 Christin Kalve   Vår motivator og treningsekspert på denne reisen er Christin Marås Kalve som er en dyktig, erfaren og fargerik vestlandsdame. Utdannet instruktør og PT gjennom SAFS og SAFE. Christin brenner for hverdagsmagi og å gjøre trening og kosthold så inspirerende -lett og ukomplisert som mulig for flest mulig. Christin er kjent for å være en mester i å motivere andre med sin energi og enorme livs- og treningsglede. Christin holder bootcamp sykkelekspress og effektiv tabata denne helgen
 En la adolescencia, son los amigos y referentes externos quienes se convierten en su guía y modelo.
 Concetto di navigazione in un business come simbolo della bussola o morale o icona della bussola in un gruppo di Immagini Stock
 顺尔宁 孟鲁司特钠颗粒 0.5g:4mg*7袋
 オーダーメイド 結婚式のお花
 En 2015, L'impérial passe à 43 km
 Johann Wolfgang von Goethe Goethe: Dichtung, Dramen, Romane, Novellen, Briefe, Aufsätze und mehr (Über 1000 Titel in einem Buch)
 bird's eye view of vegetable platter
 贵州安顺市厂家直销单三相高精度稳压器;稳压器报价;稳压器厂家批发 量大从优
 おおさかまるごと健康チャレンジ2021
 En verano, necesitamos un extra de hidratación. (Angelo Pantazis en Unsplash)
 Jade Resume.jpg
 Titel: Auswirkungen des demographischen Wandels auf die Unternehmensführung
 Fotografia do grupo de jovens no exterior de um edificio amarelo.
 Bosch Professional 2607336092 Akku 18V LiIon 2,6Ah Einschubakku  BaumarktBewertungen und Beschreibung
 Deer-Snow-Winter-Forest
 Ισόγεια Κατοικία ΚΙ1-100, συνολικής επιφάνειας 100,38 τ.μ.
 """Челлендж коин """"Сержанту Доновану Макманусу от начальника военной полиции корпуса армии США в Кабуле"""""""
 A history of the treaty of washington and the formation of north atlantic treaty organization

## EXERCISE DETAILS:
For this exercise, set down the entire listing above exactly as given.

## RESULT OF THIS TASK:
 Christin Kalve   Vår motivator og treningsekspert på denne reisen er Christin Marås Kalve som er en dyktig, erfaren og fargerik vestlandsdame. Utdannet instruktør og PT gjennom SAFS og SAFE. Christin brenner for hverdagsmagi og å gjøre trening og kosthold så inspirerende -lett og ukomplisert som mulig for flest mulig. Christin er kjent for å være en mester i å motivere andre med sin energi og enorme livs- og treningsglede. Christin holder bootcamp sykkelekspress og effektiv tabata denne helgen
 En la adolescencia, son los amigos y referentes externos quienes se convierten en su guía y modelo.
 Concetto di navigazione in un business come simbolo della bussola o morale o icona della bussola in un gruppo di Immagini Stock
 顺尔宁 孟鲁司特钠颗粒 0.5g:4mg*7袋
 オーダーメイド 結婚式のお花
 En 2015, L'impérial passe à 43 km
 Johann Wolfgang von Goethe Goethe: Dichtung, Dramen, Romane, Novellen, Briefe, Aufsätze und mehr (Über 1000 Titel in einem Buch)
 bird's eye view of vegetable platter
 贵州安顺市厂家直销单三相高精度稳压器;稳压器报价;稳压器厂家批发 量大从优
 おおさかまるごと健康チャレンジ2021
 En verano, necesitamos un extra de hidratación. (Angelo Pantazis en Unsplash)
 Jade Resume.jpg
 Titel: Auswirkungen des demographischen Wandels auf die Unternehmensführung
 Fotografia do grupo de jovens no exterior de um edificio amarelo.
 Bosch Professional 2607336092 Akku 18V LiIon 2,6Ah Einschubakku  BaumarktBewertungen und Beschreibung
 Deer-Snow-Winter-Forest
 Ισόγεια Κατοικία ΚΙ1-100, συνολικής επιφάνειας 100,38 τ.μ.
 """Челлендж коин """"Сержанту Доновану Макманусу от начальника военной полиции корпуса армии США в Кабуле"""""""
 A history of the treaty of washington and the formation of north atlantic treaty organization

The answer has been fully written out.